A very neat sidestep indeed, Bryan. How could the All Blacks selectors overlook you? 🙂
Age, perhaps? 😉
Or an unwillingness to commit to the tackle… 😉
…yes, I lack the killer instinct (and I recall a failure of nerve under the high ball, to say nothing of all the other inadequacies which will flood back to me if I continue with this exchange.)
Disclaimer: I haven’t read the book and I don’t know the context of the remarks I am addressing.
Bryan, you quote/paraphrase Mike Hulme as saying that “Science always speaks with a conditional voice.” I am continually amazed by people who consider this a weakness. Don’t they realise that the knowledge systems that claim certainty & uncondtionality get to do so because they just make stuff up?
I don’t claim credit for this stunning insight. Ophelia Benson has pointed it out many times on Butterflies and Wheels.

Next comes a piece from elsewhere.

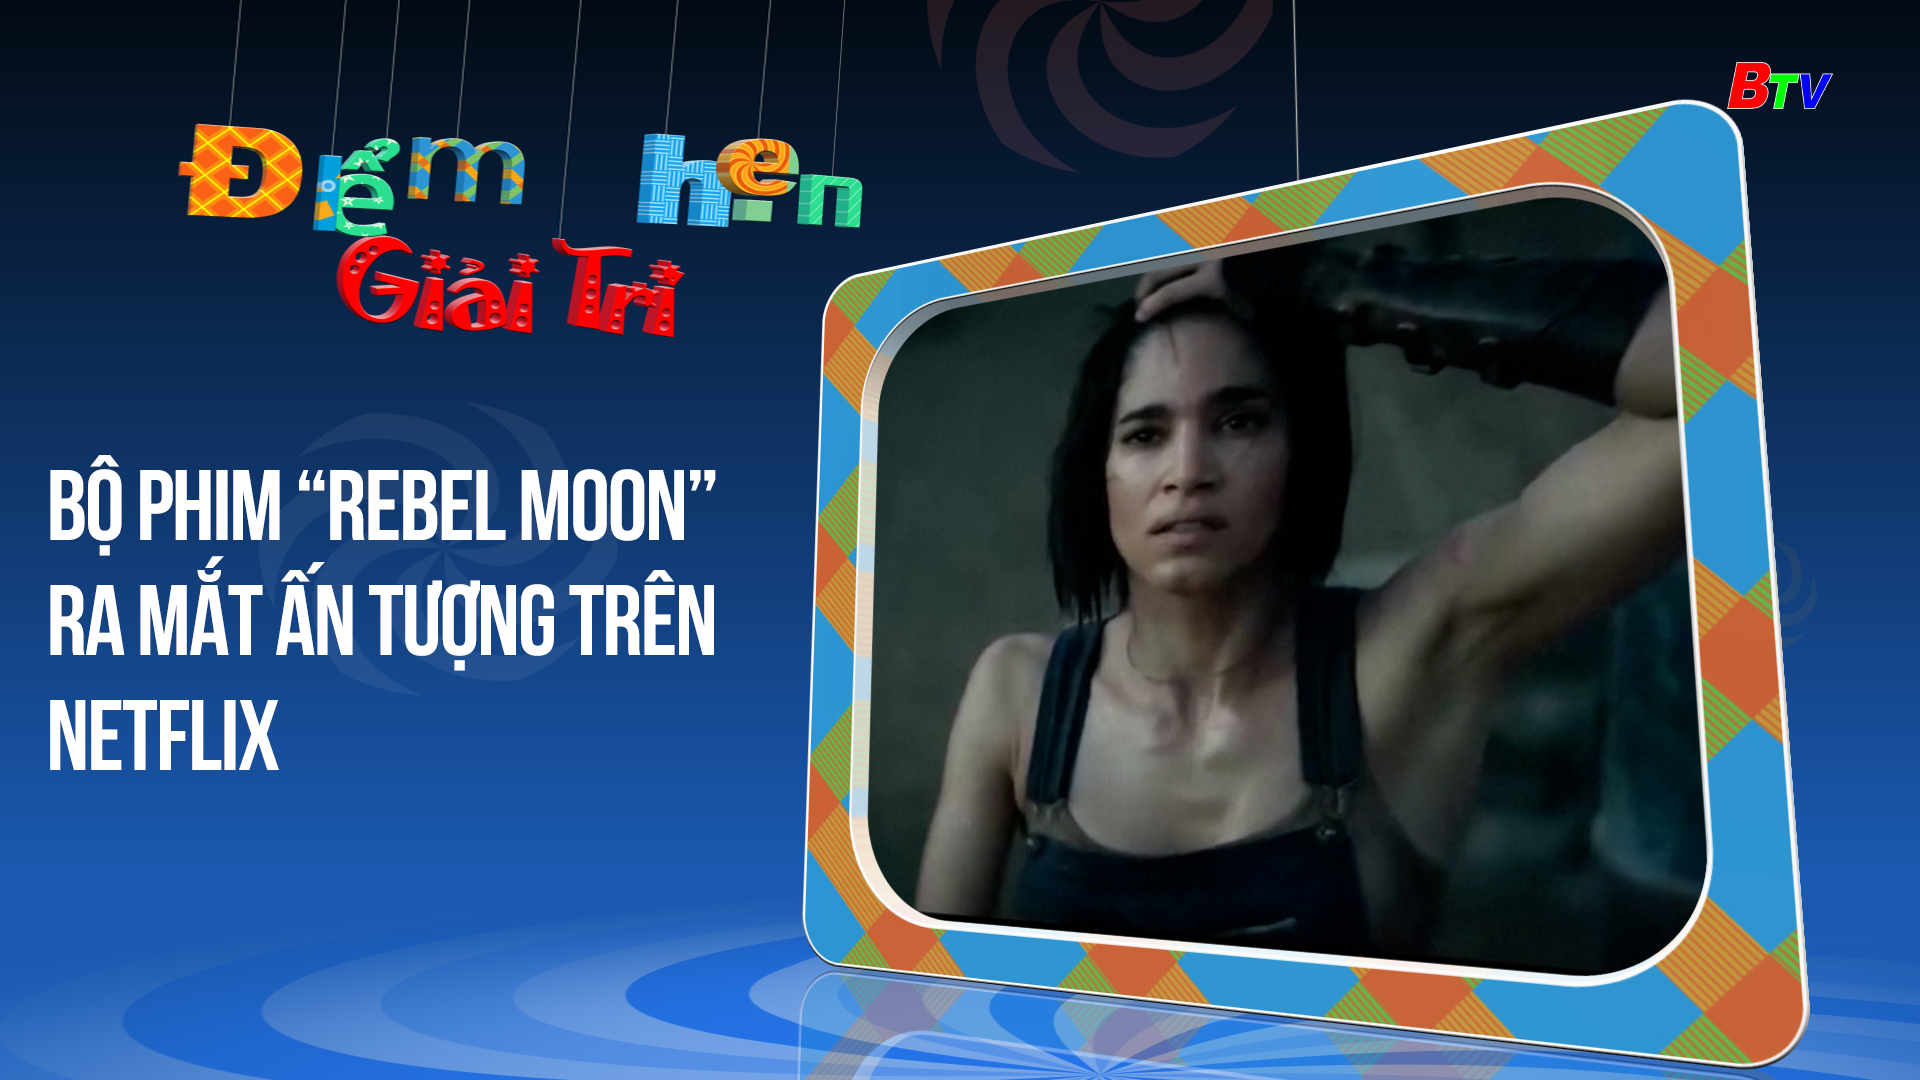 Bộ phim “Rebel Moon” ra mắt ấn tượng trên Netflix | Điểm hẹn giải trí | 2/1/2024

Bryan, if Hulme doesn’t see “climate change as the greatest problem facing humanity”, does he mention exactly what problems he considers to be more important?
Mark, I think Hulme considers that the conditionality of science is not sufficiently recognised in some of the responses to climate change. He is very resistant to the notion that science leaves us with little choice as to our response. This may be why he spent a good deal of space on the nature of scientific enquiry. I found no fault with what he said about the way science proceeds – although I am not a scientist I think I have long had sufficient understanding of scientific method to appreciate its inevitable incompleteness and uncertainty. But granted all that, it still seems to me that there is sufficient core understanding of climate change now gained to indeed leave us with little choice as to our response as rational and ethical beings. (Fundamental response, that is; the details are matters of policy.) To that extent I disagree with him.
Bryan, that’s right. There is an obvious but apposite analogy with evidence on smoking being harmful – those with the most to lose continued to argue for the science not being settled, but a point was reached at which the weight of evidence suggested that it would be unethical not to take action.
Andrew, he is not clear about this, or at least not to me. He appeared at one point to be flirting with the Lomborgian notion that climate change can wait a bit while we attend to global poverty (as if we are treating that as urgent!) He recognised Jeffrey Sachs’ criticism of this position on the grounds that we can both address global poverty and mitigate long-term climate change at the same time, but describes Sachs’ claim as cursory. I don’t think he has read Sachs’ Commonwealth: Economics for a Crowded Planet which is far from cursory in its treatment of combining poverty reduction with addressing climate change mitigation and adaptation. But Hulme doesn’t come down strongly on a preference for one over the other, and allows for the possibilities of some synergies.
It is not so much that he claims other problems are more important as that he considers climate change has taken too much to itself, accreting what he describes as individual problems – unsustainable energy, endemic poverty, climatic hazards, food security, structural adjustment, hyper-consumption, tropical deforestation, biodiversity loss – and weaving them together in the meta-narrative of climate change. I presume this means he thinks the problems are better treated separately.
I followed him into his plea that we stop treating climate change as a problem to be solved and treat it as an idea which can stimulate new thinking, inspire new artistic creations, provoke new ethical and theological thinking, galvanise new social movements, and so on. But I wasn’t persuaded.